Meditation produces the same class of brain change as neurofeedback or stimulants, though it usually takes six months to a year and some discipline. There is a chicken-and-egg problem here: meditating through attention difficulty is hard precisely because your attention is the thing you are training.

The workaround is moving meditation. Anchor your attention to repetitive motion: walking, yoga, weightlifting. Put your mind into the movement on purpose, and when it wanders, bring it back to the anchor again and again. That repeated return is the practice, and over a year it builds the kind of change you see on the maps.
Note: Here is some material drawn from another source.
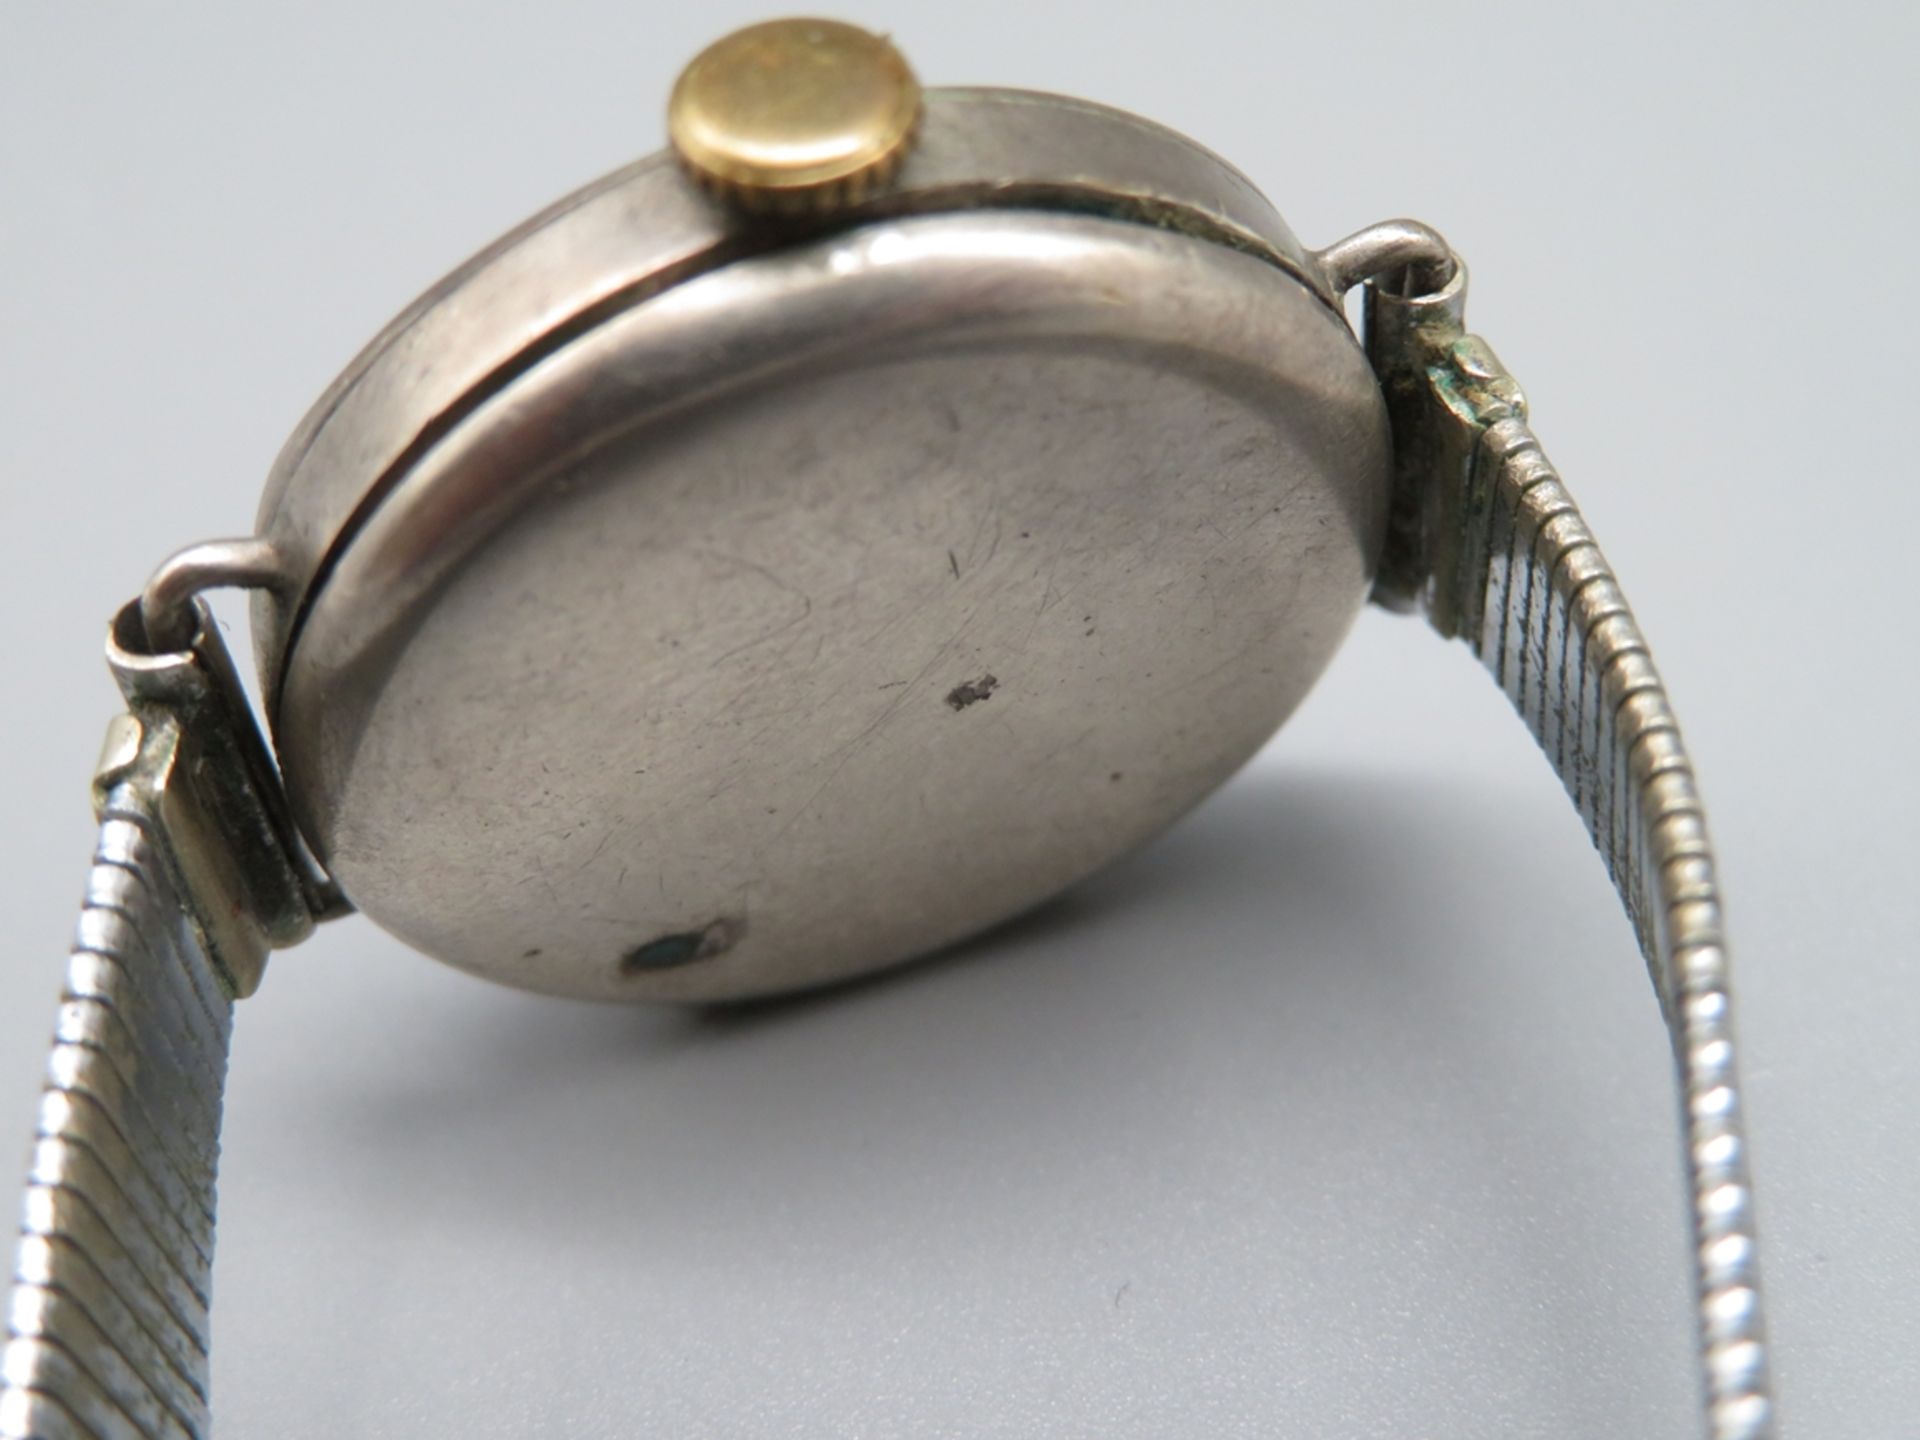 DAU, um 1920, Silber 800/000, punziert, Ankerwerk, Metallglieder-Armband, Verzierungen in Thula-Sil - Image 2 of 2

More on the mechanism in Biohacking Meditation and Mindfulness.

The Bottom Line on Training Your Focus

Attention is alerting, orienting, and conflict control in the first few hundred milliseconds, lateralized into a left-hemisphere stabilizer and a right-hemisphere supervisor, swung front to back by the cingulates where attention meets stress. The QEEG shows you the speed, stability, and lateralization. The attention test confirms the gas and the brakes. The levers, SMR for stability, midline beta for executive control, alpha for arousal, plus sleep and stress regulation underneath all of it, are things you can actually move.

If you are struggling with focus, the first step is to see what your own brain is doing. Look at your alpha speed, your midline balance, your left-right asymmetry, and your attention scores. Then pick one lever and start.